Laboratory procedures

Sample preparation and nucleic acid extraction

Blood samples were centrifuged at 3500 tours/min. Buffy coats were collected, aliquoted and stored at − 80 °C. DNA was extracted from buffy coat samples using the QIAamp® DNA Mini kit according to the manufacturer’s instructions. The DNA eluate was stored at − 80 °C and sent to Laboratoire d’Histocompatibilité des Cliniques Universitaire Saint Luc in Belgium, where HLA-B*57:01 typing was performed.

HLA-B*57:01 typing

A qPCR-SSP DNA generic typing test (LinkSēq™ HLA-B*57:01-ONE LAMBDA) was used. Specifically, generic real-time PCR was performed in 96-well plates. The test separately detected HLA-B*57:01 and closely related HLA-B57 alleles (HLA-B*57:02/HLA-B*57:03) for each sample. As recommended by the manufactured protocol, DNA samples were added immediately after isolation to each well of the tray to the Taq polymerase reconstituted with a dNTP-buffer mix (Micro SSP D-mix). Each typing tray included a negative control reaction tube that detects the presence of the internal control PCR product. PCR amplification was carried out according to standard procedures (One Lambda, Inc.) in LightCycler® 480 Real-Time PCR System-Roche. SureTyper software was then used to analyze and interpret the melt curves generated from each well, and the results were thus obtained.

Statistical analysis

Data describing clinical and demographic patient characteristics were summarized using medians with interquartile ranges (IQRs) for continuous variables and frequencies and proportions for categorical variables. Prevalence was estimated with their 95% confidence interval (95% CI). Fisher’s exact tests was used to compare categorical variables. All analyses were performed using R© version 3.4.3 software, and the level of significance was set at 5%.

Ethical considerations

Ethical approval was obtained from the ethics committees in Burkina Faso, Ivory Coast, Gabon and Togo before the start of the inclusion. Potential participants were informed about the study purpose and procedures, potential risks and protections. Those willing to participate were invited to sign a consent prior to participation.

Results

Population characteristics

A total of 4016 HIV-positive patients from four countries were included in this study. Table 1 presents the number of patients enrolled in each country in West and Central Africa.

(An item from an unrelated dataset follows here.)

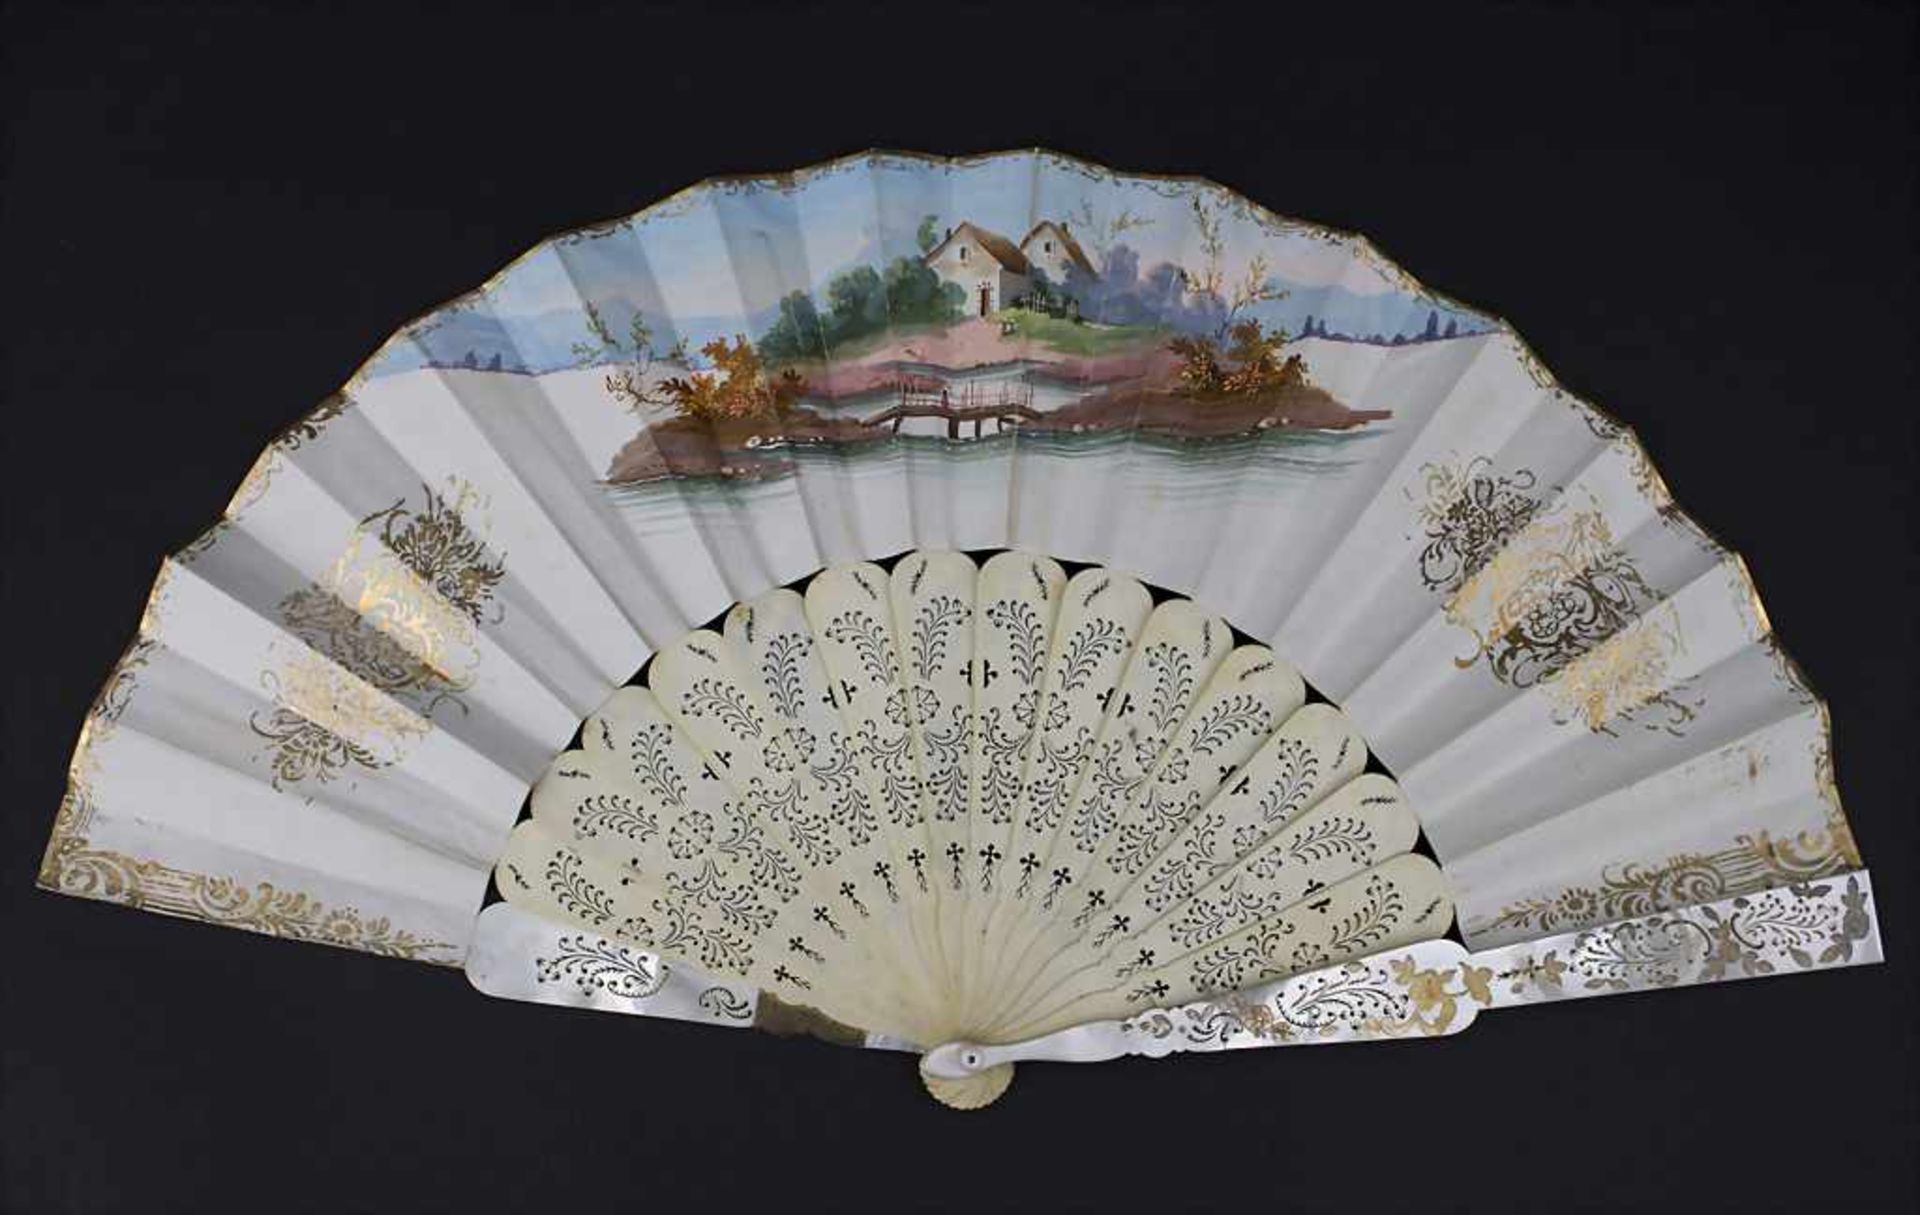 Fächer mit galanter Szene / A fan with galant scenery, 19. Jh.< - Image 5 of 8

Table 1 Number of participant per countries
Full size table

The median age of the participants was 45 years (IQR = [38–52]), and more than two-thirds (69.8%) were female. Most participants were 40–49 years old (38.0%), and 46.9% had at least a secondary school level of education. The majority of patients were on ART (n = 3510; 87.4%), and among them, 117 (3.3%) were on ART containing abacavir.

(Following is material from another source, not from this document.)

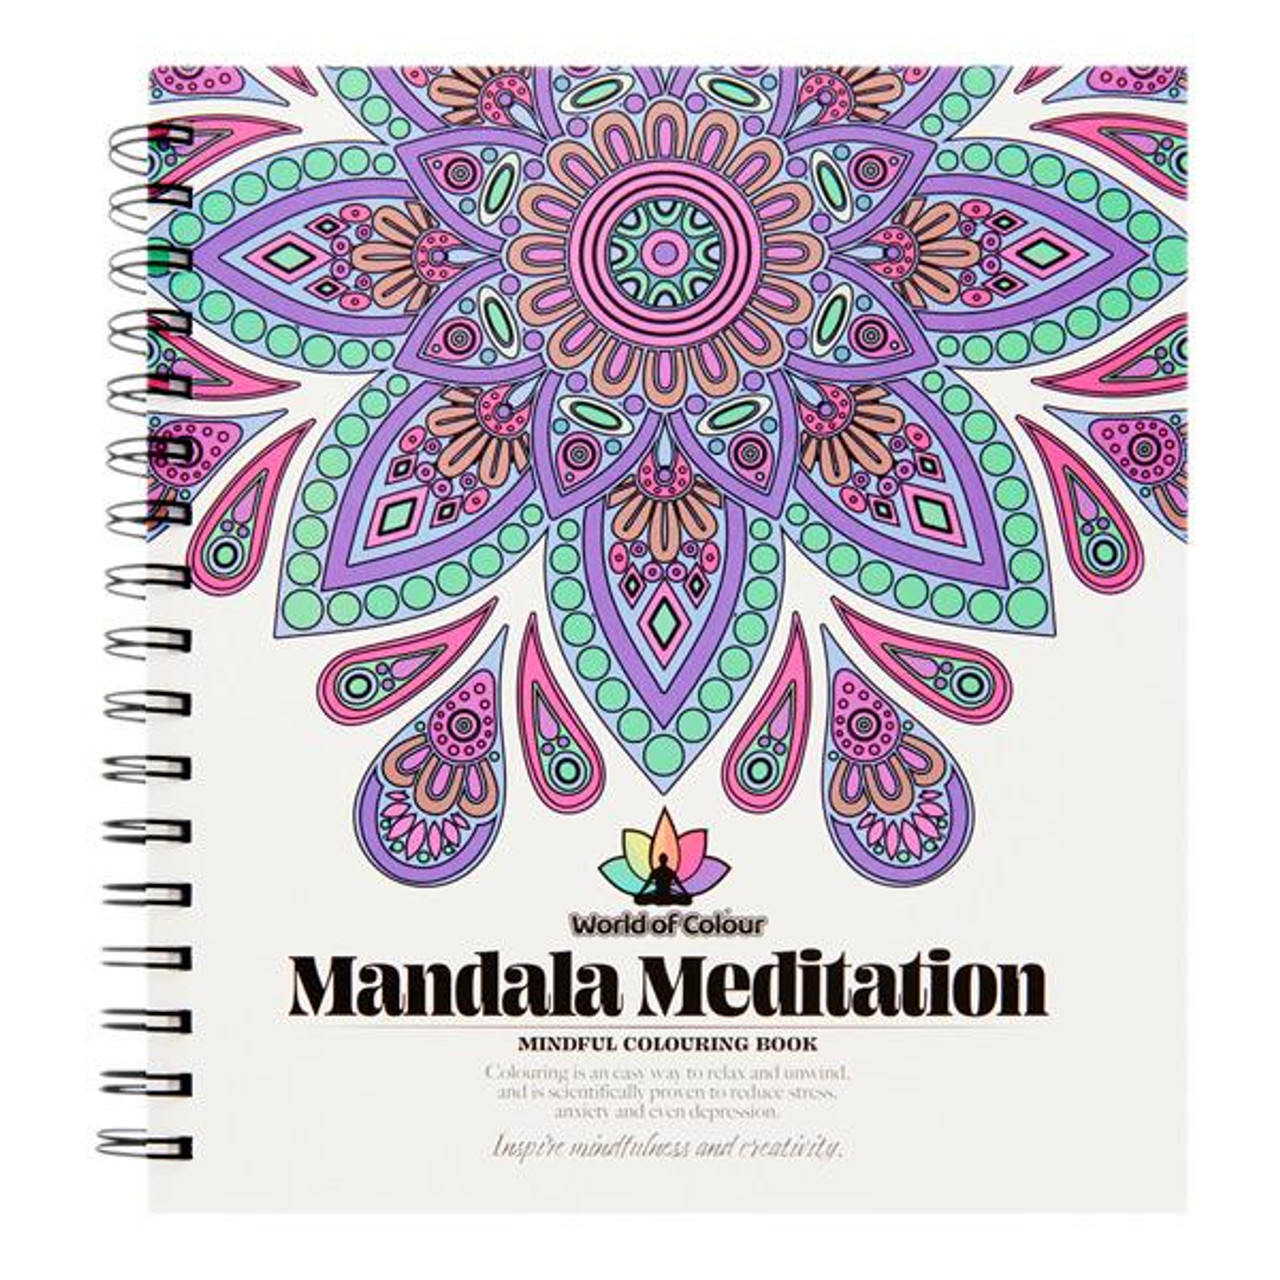 Adult Coloring Books Deep Relaxation: Templates for Meditation and Calming  (Paperback)

More than two-thirds (62.4%) had been diagnosed with HIV for more than 5 years (at the time of the survey). A higher proportion of them (90.9%) had HIV-1 status, and approximately one-quarter (26.3%) were at WHO stage I. Other demographic, clinical, and laboratory characteristics of all participants by country are presented in Table 2.

Table 2 Demographic, clinical and laboratory characteristics of individuals with HIV in West and Central Africa (2016–2020)
Full size table

Prevalence of HLA-B57 and HLA- B*57:01 per country

Of the 4016 patients who underwent HLA typing, 259 were positive for HLA-B57, allowing the overall prevalence of the HLA-B57 allele to be estimated at 6.4% (95% CI: 5.7–7.3). There was no significant difference in the prevalence of the HLA-B057 allele according to country (p = 0.238), sex (p = 0.078), or age (p = 0.276) (Table 3).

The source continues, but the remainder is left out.